I backed off (and I'm shivering just typing this), tried to pull into the layback a little more. My hand searched for something good, something positive that would allow me to reclaim my vertical self. Nothing. Nothing at all. I remembered the awkward move from the two-finger pocket and the opposite-balance side-pull. "Too hard," I thought. I then thought of jumping out. I knew I was too high above my gear to be caught by it. Jumping would at least give me a shot at not decking out. But then I thought that if I did that, I'd slam right into "Jello", and, as he put it later, possibly lose all three pieces I had placed, rip him out of his anchor and send us both down 150 feet below. I had to downclimb. I couldn't hold this forever. My biceps were burning. I had been there for about five minutes, holding a no-longer easy dead-arm. I just couldn't go beyond this section. I stepped down into the lower layback. No problem. I stepped down, still smearing, into the beginning of the layback and felt the jug disappear. I had all of two seconds, I thought, as I felt my feet giving way, to grab the side-pull and find new feet without losing my body tension. I grabbed the side-pull, let my right foot dangle in order to find the next hol -SLIP!
...
...
...
Thud!
Me: AHHH!
"Jello" furiously checking ankles: That hurt?
Me: I'm fine. I'm fine.
"Jello" cautiously checking my ribs, spleen and kidneys: That hurt?
Me: I'm OK. I'm OK.
"Jello": You sure?
Me: Yeah. Let me rest a minute.
"Jello": OK. Take your time.
Me: If that's the line, I'm not leading that again. That's not 5.8-. We missed something. That's not even sandbagged 5.8-. That's 5.10 somethingorother. That's fucking hard.
The gentleman who was belaying another climber below us (on the proper belay anchor) said that the climber on his way up knew the climb we were on and could tell us the correct line. But when he came up, it had been 30 years since he had climbed that route and couldn't remember where it went. Not knowing where the actual line went, we decided to rap off and finish our day. After the two other climbers below us rapped off, we got down to the proper belay station and determined that the route was where the first two bulges were, but even then, we couldn't figure out which bulge it was.
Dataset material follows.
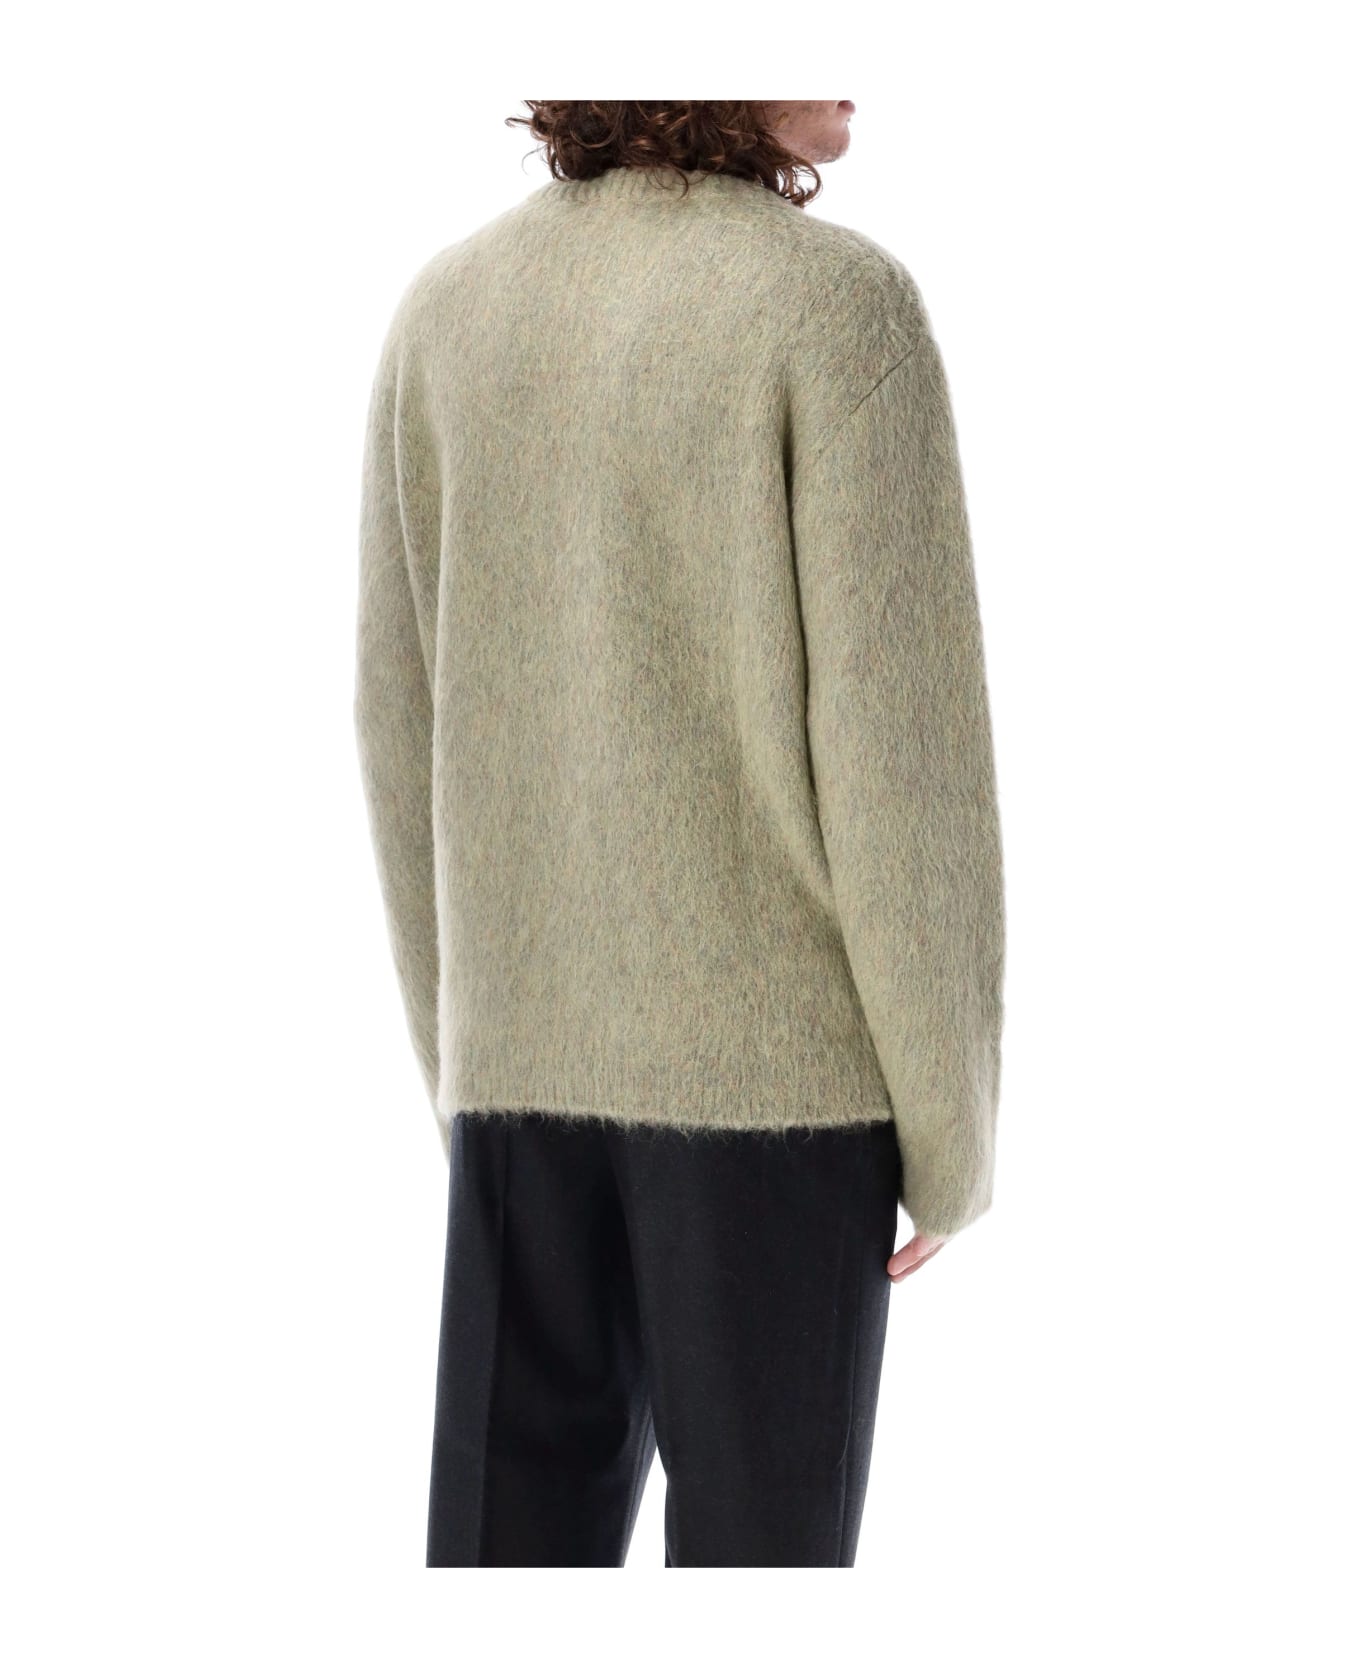 Lemaire Brushed Sweater - GREY ニットウェア
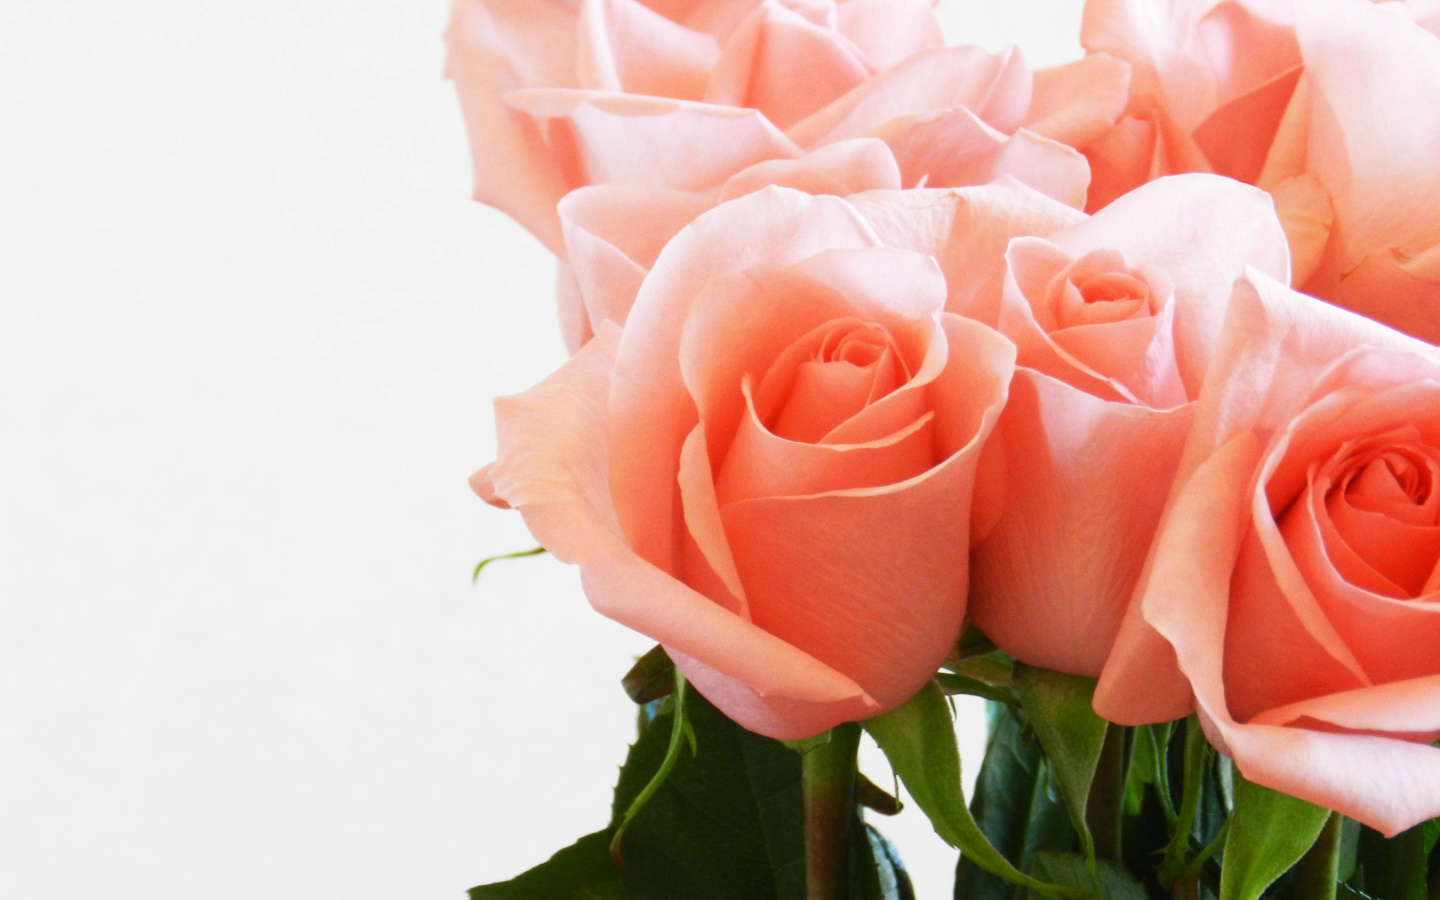 Букет нежных розовых роз крупным планом на белом фоне

Because the book said that, despite the bulge looking harder than it is from below, the bulge was the way to go, and because both bulges looked impossible, we figured that we could't find the remainder of the route. It was a disappointment for both of us, but the correct choice. Especially since we didn't have two belay - OH FUCK!
As it turned out, niether one of us knew how to rap using oval biners. That was OK, however, because "Jello" could rap off and tie the belay device on the rope for me to pull up again. That's what he did, and I began my rap. But as I did, I looked at the rap anchors and saw that there were six slings / cordalettes wrapped around a large chockstone. Before I headed down, I remembered what happened to Mat, took a deep breath, remembered that this was my second time decking on lead, turned around and let out my breath when I was firmly on the ground. Even though I had a prussic on my rap, I was thankful that "Jello" was also giving me a Fireman's Belay at the bottom. In all, however, I'm fine.
I got up this morning at 7am and took "Jello"'s suggested route home: take the ferry from Plattsburg Bay ($9 per car and driver with $3.50 for each passenger) to Grande Isle Ferry (24-hours it runs, with trips every half hour). It cost me more than the Route 2 direction, but it saved me about 45 minutes on my trip (I-89 to I-93). I think I'm going back. It was just too damned good.